Sometimes I wonder how much of all this is just me.
If I was a more “together” kind of person, would it be easier? I slept with all of my kids because I couldn’t hear them cry – I would wake up from the vibration of their crying. Deaf people asked me why I didn’t get a video monitor with a bed shaking alarm – and honestly, I never even thought such a thing existed. So there you go; it doesn’t have to be the (perhaps more difficult) way that I’ve made it.
I could have had a video monitor and I could have rigged it to a bed shaking alarm. I could rig a phone up some how (how???) and get access without it being what it is. I could get an interpreter for everything, walk around like a boss with a posse. Make my family sign in order to communicate with me. Forget about being so oral – it feels stupid anyway after you know someone has repeated something to you enough times to make their eyes twitch.
I’m at the point in the story in which I want to start stacking the positive.

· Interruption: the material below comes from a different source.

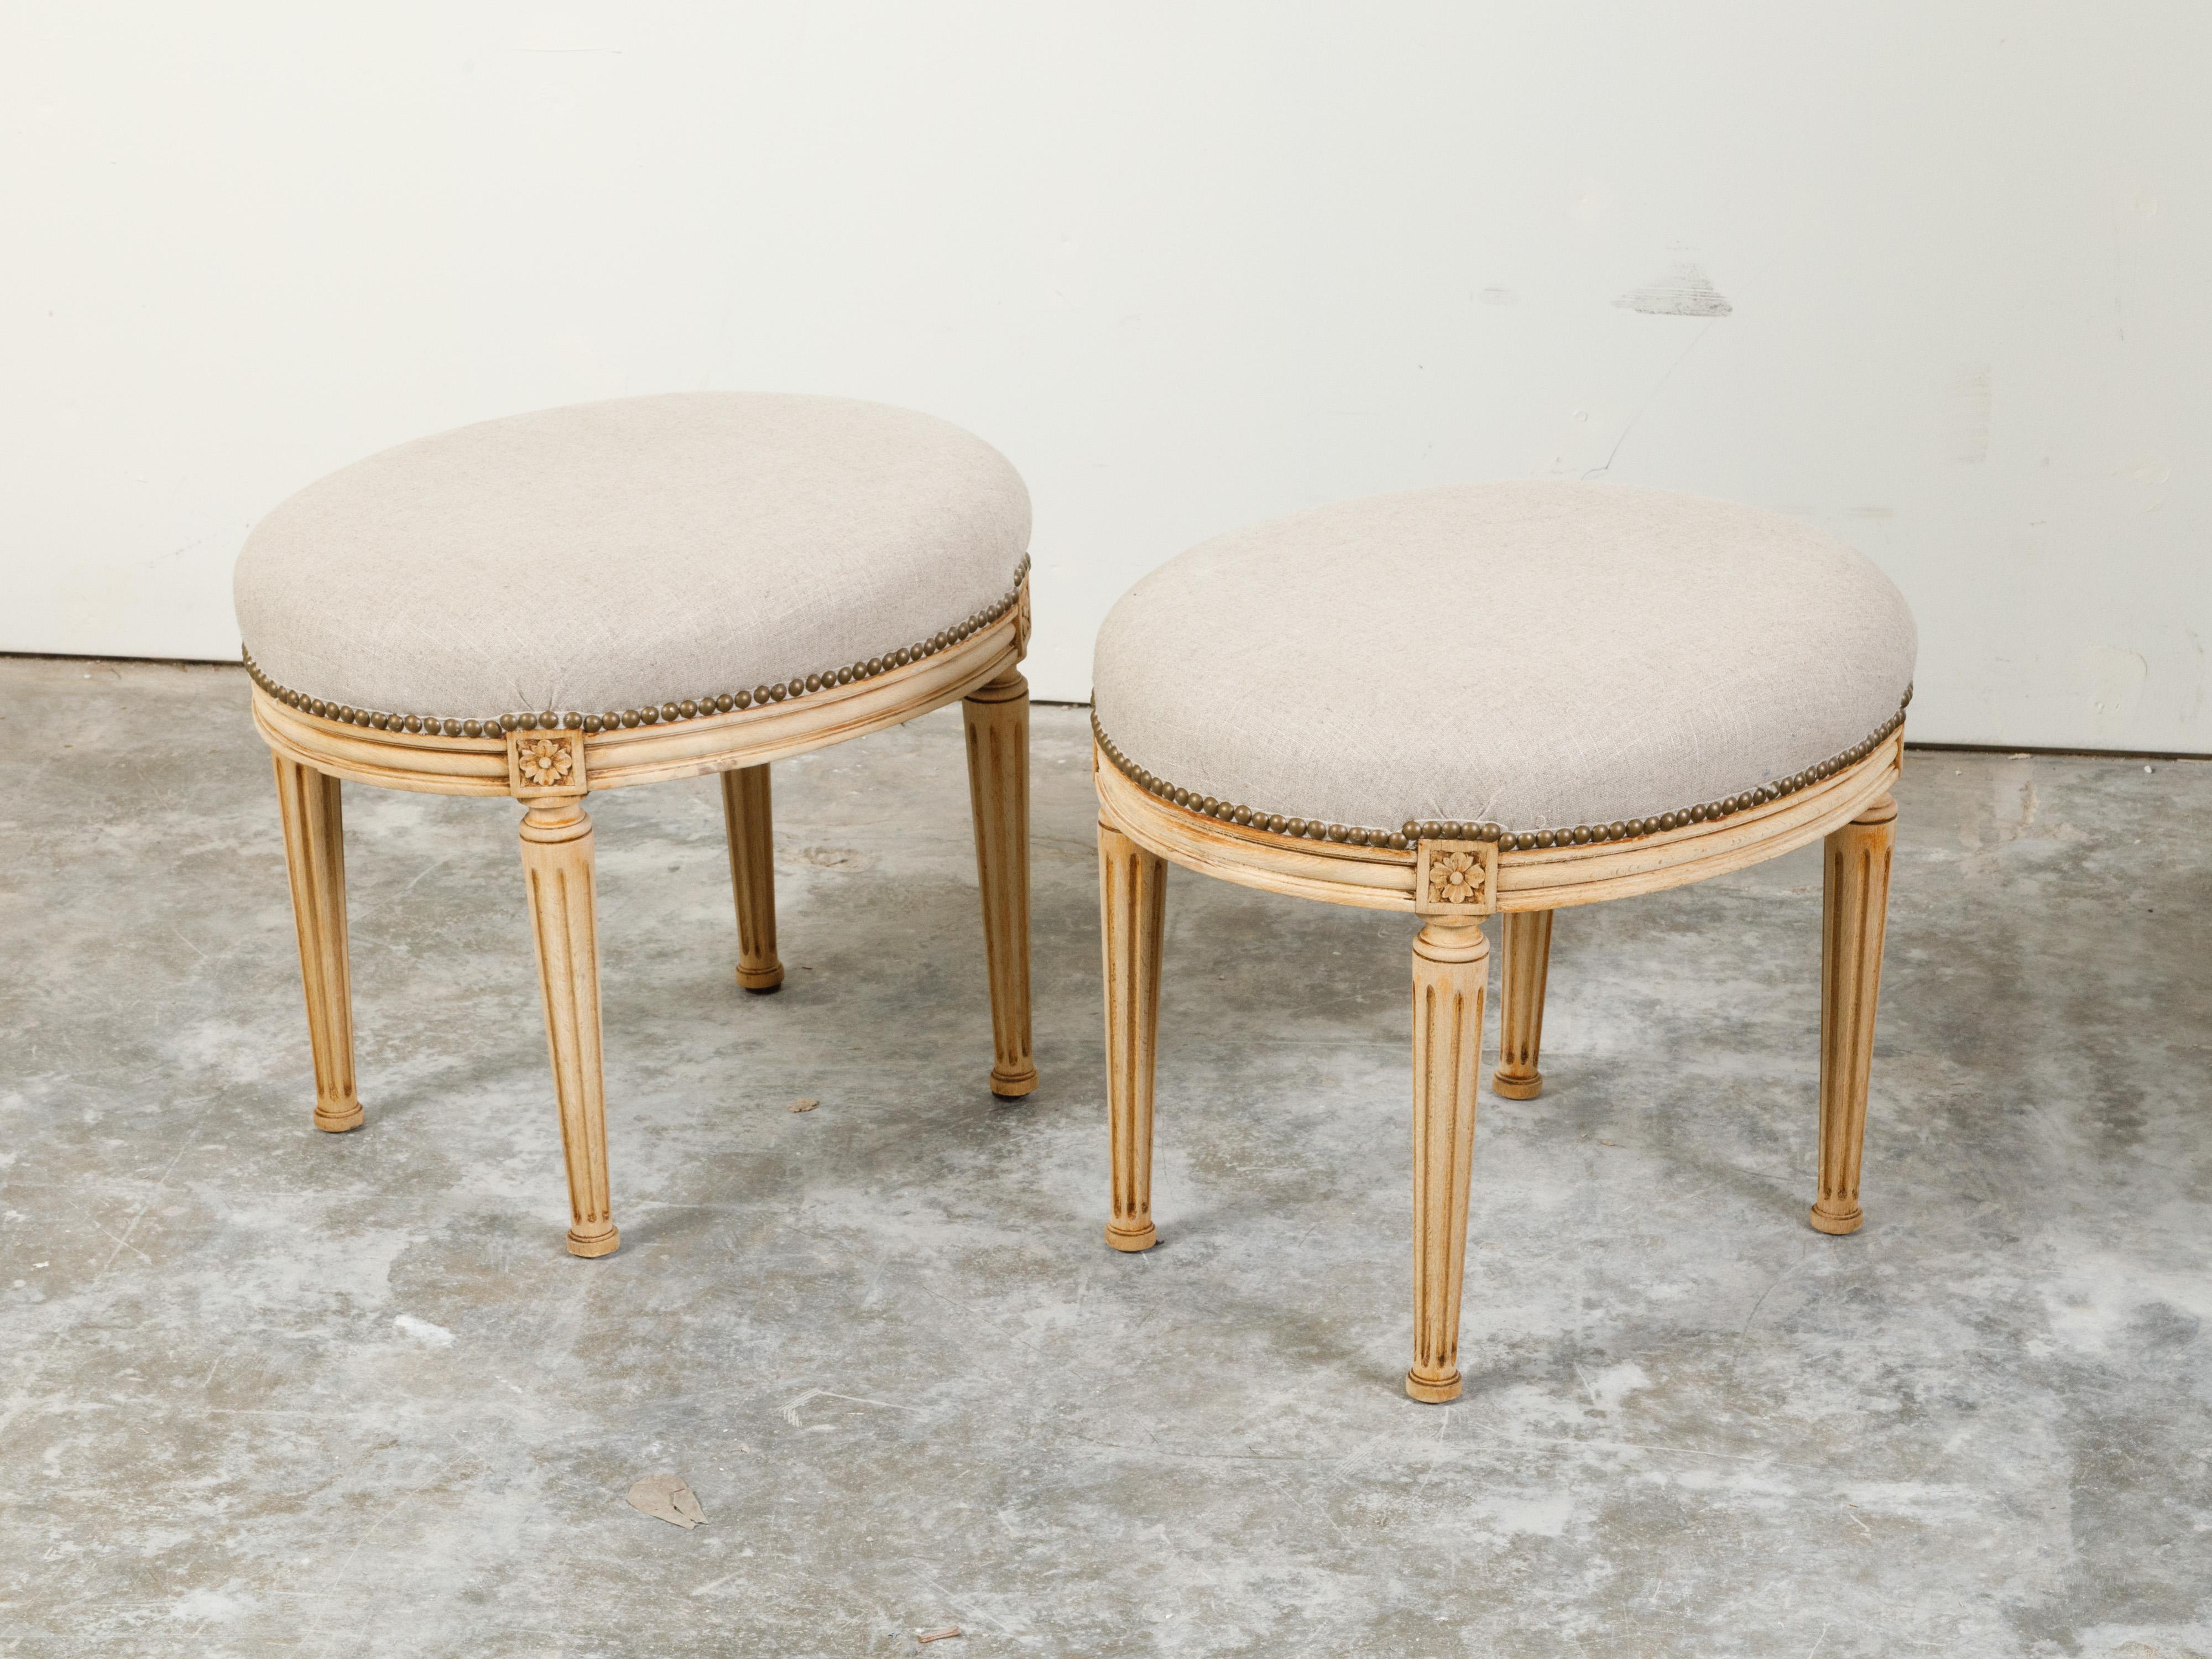 Turned Pair of French Neoclassical Style Bleached Wood Stools with New Upholstery For Sale

I mean, my fingers are reaching for the keys in a fierce way – but for once, I just don’t want this post to be about finding the positive, about the glories of being deaf, about how great it is to live in a world of silence.
And by not writing about that right now, I’m not saying it’s not true; it is. I do love my silent world, I love how it feels soft and muted, like a hazy dream with beautiful colours. I like being able to choose to hear and I like being able to switch from one blended-watercolour-world to a sharp, crisp, focused one just by putting in and turning on my hearing aids. And I want parents of kids with disabilities to remember that – I went them to balance that with what I’m saying about the isolation.
It’s not as cut and dried as we might want it to be: as I’ve said, being deaf is not a one-dimensional experience.